Collected material.
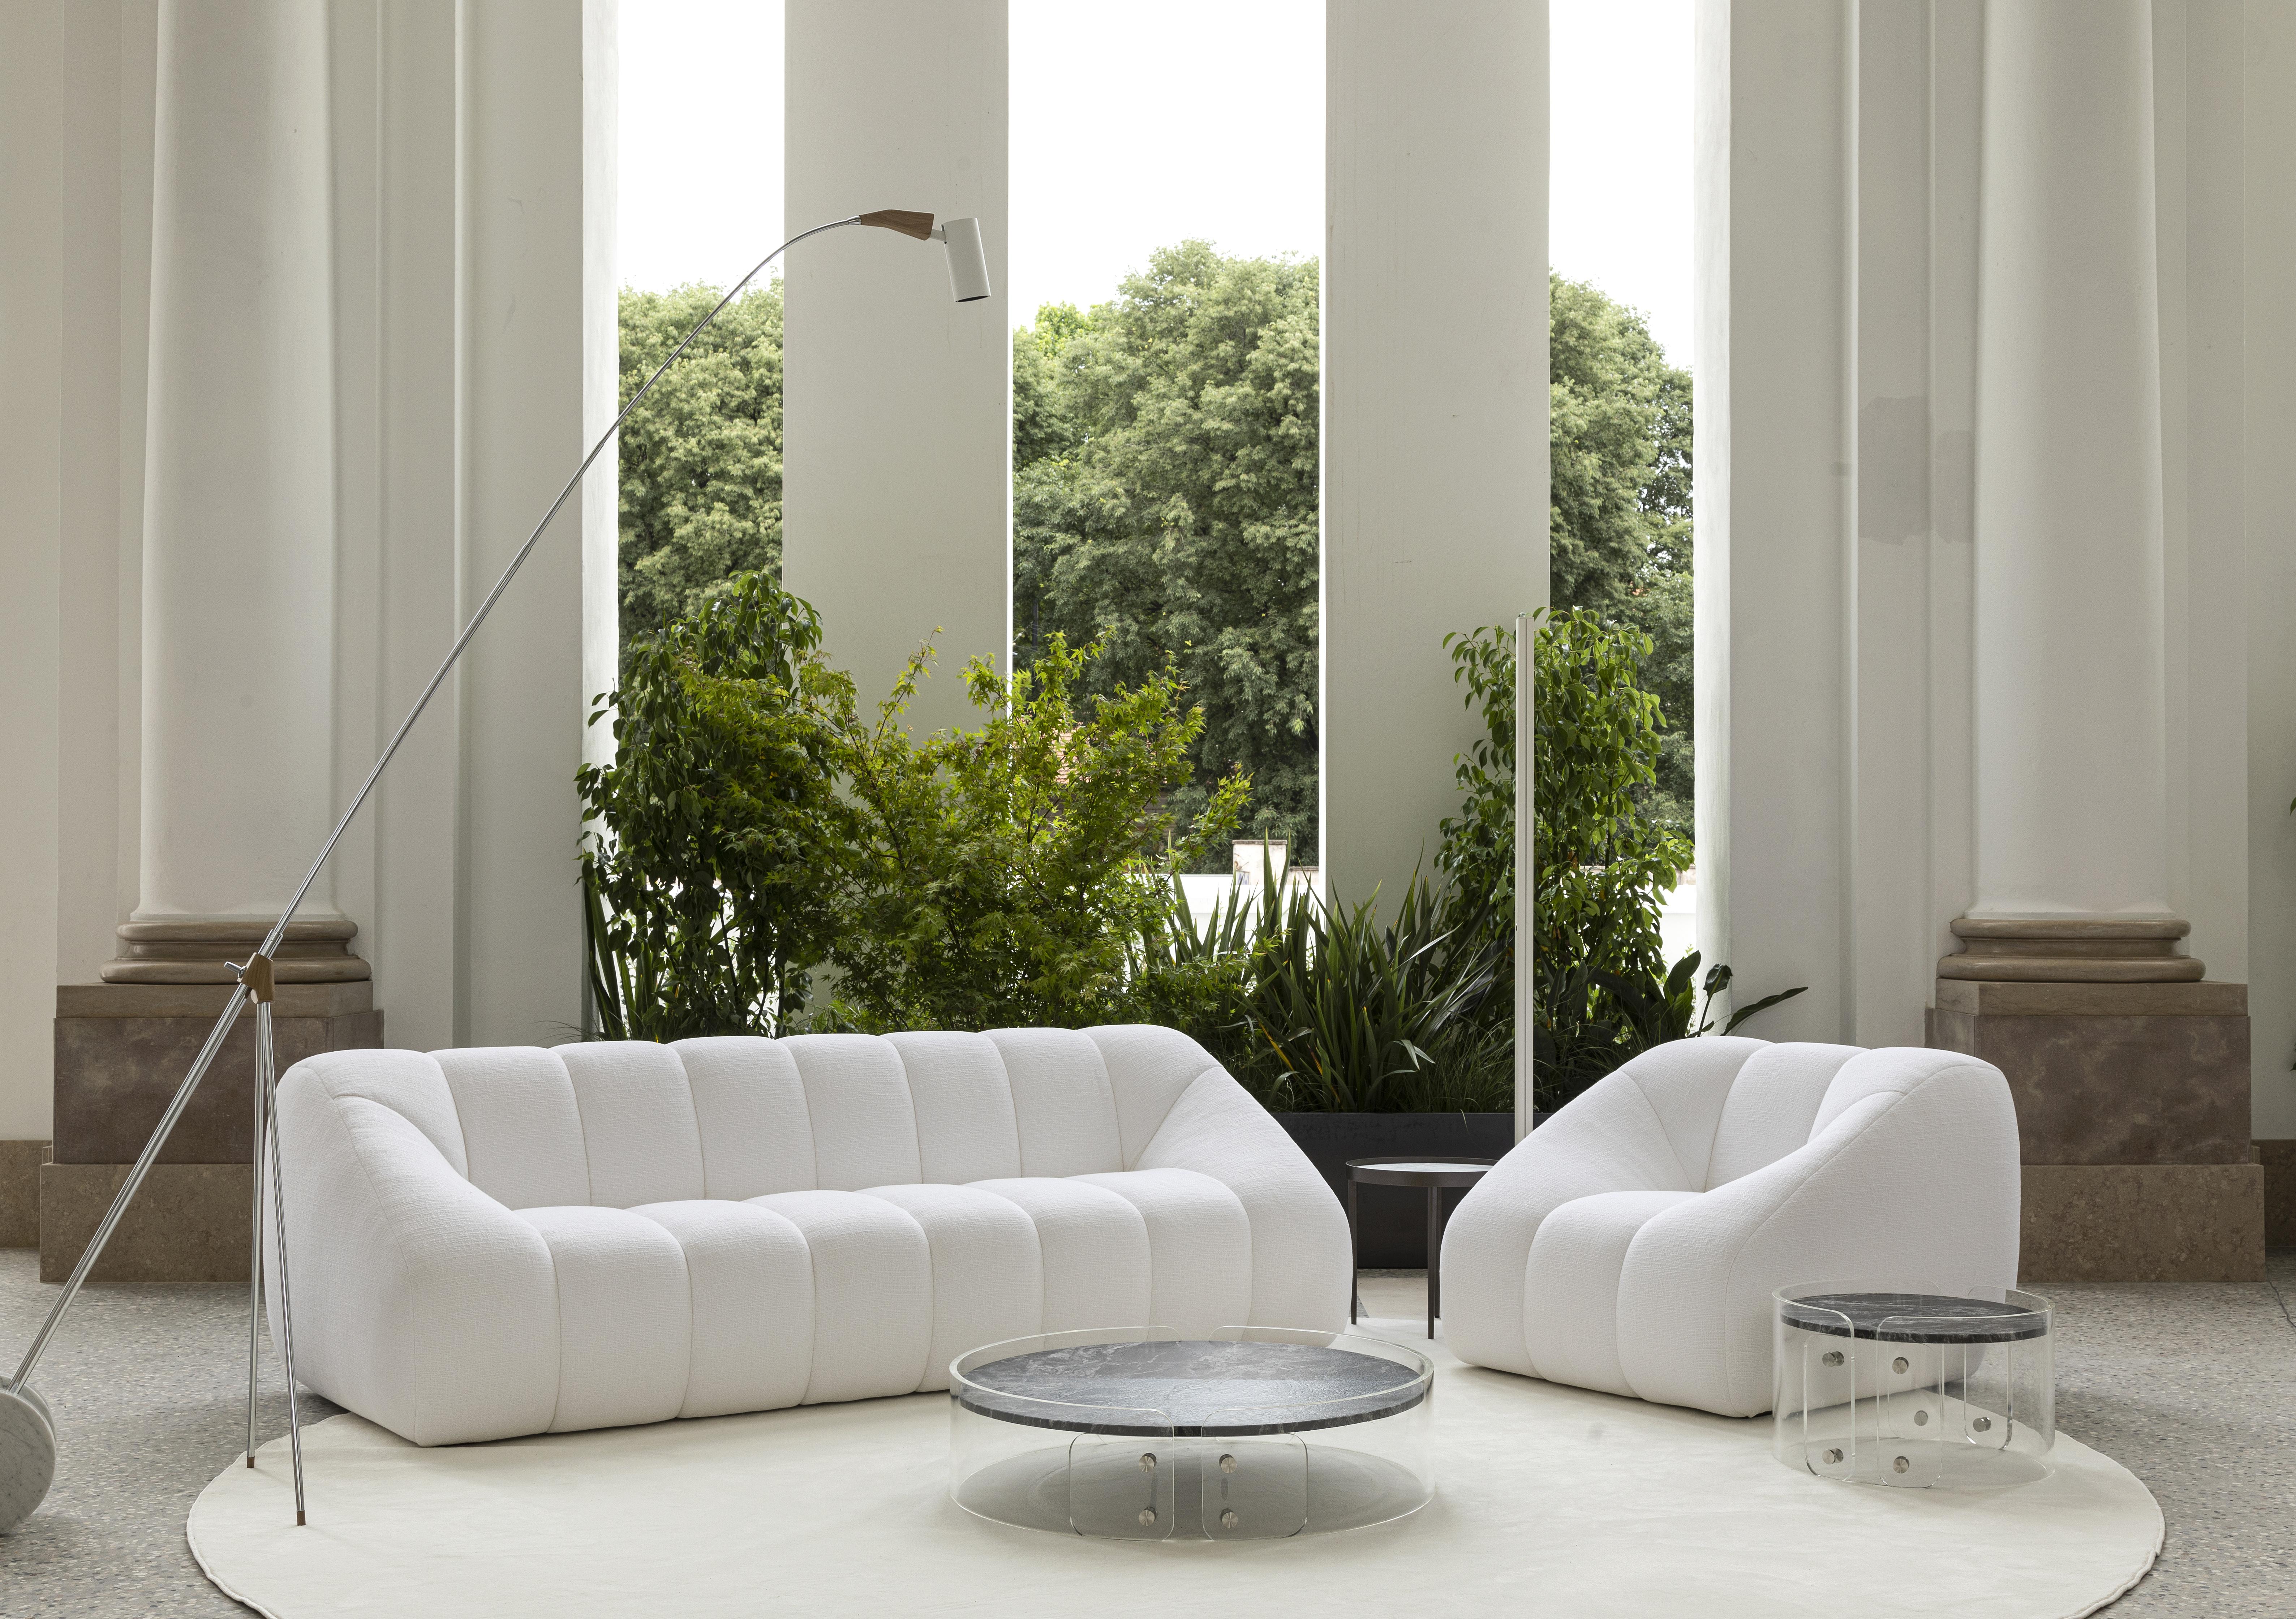 Der Sessel Di Nuovo nimmt die charakteristischen Linien des Designs der 1970er Jahre auf; er hat eine üppige und großzügige Form, mit einer breiten Sitzfläche und einer hohen Rückenlehne.
Der italienische Name steht für das, was dieses Möbel für den
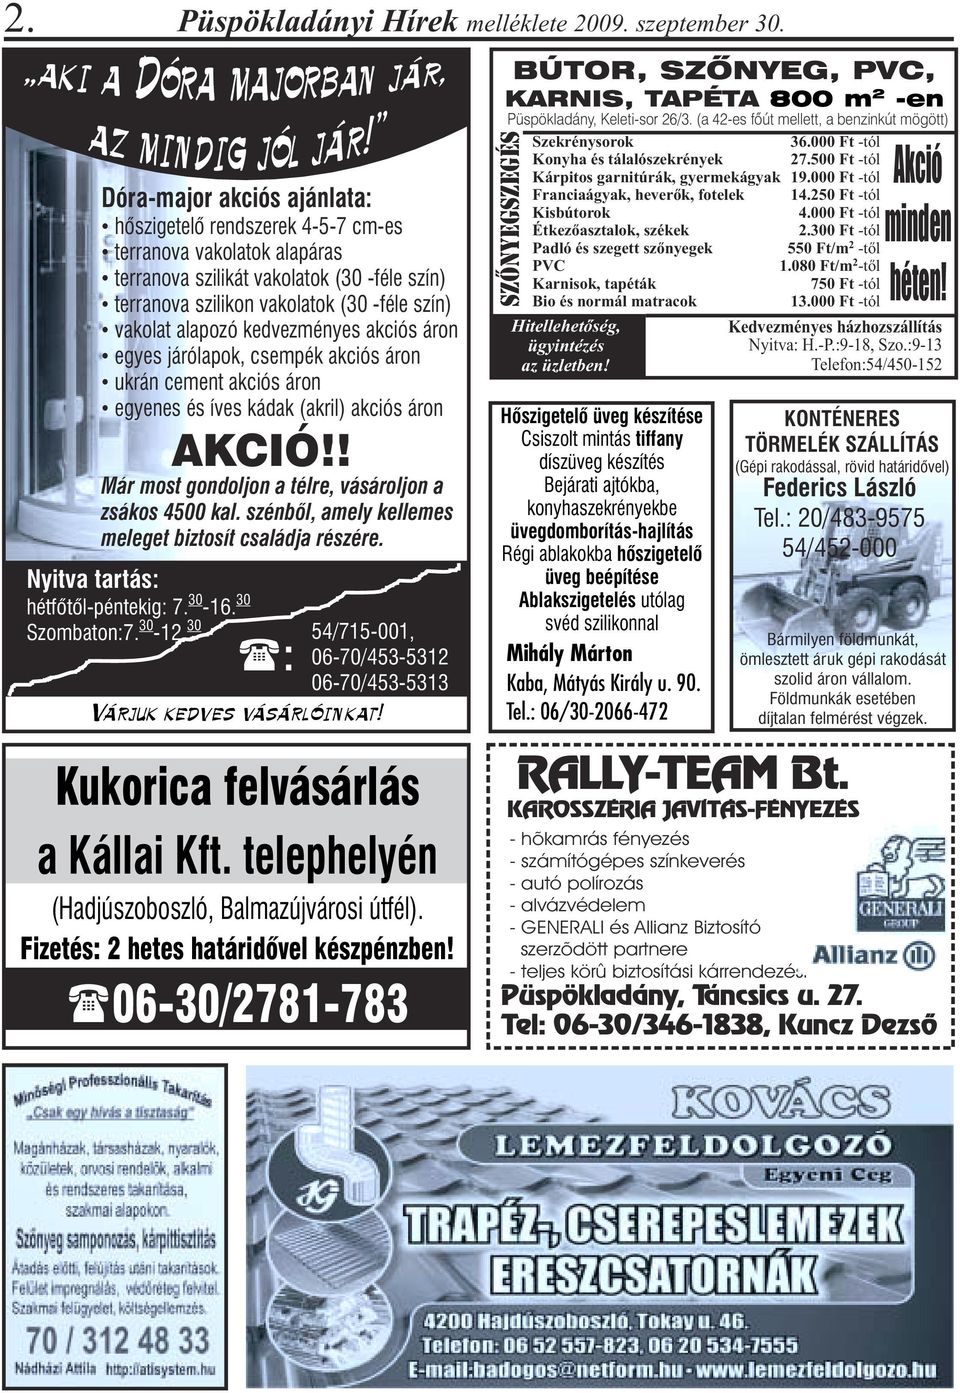 vakolat alapozó kedvezményes akciós áron egyes járólapok, csempék akciós áron ukrán cement akciós áron egyenes és íves kádak (akril) akciós áron Már most gondoljon a télre, vásároljon a zsákos 4500

Exercise brief.
Nothing but an exact copy of the data, without pictures, should be returned.

Completed exercise.
 Der Sessel Di Nuovo nimmt die charakteristischen Linien des Designs der 1970er Jahre auf; er hat eine üppige und großzügige Form, mit einer breiten Sitzfläche und einer hohen Rückenlehne.
Der italienische Name steht für das, was dieses Möbel für den
 vakolat alapozó kedvezményes akciós áron egyes járólapok, csempék akciós áron ukrán cement akciós áron egyenes és íves kádak (akril) akciós áron Már most gondoljon a télre, vásároljon a zsákos 4500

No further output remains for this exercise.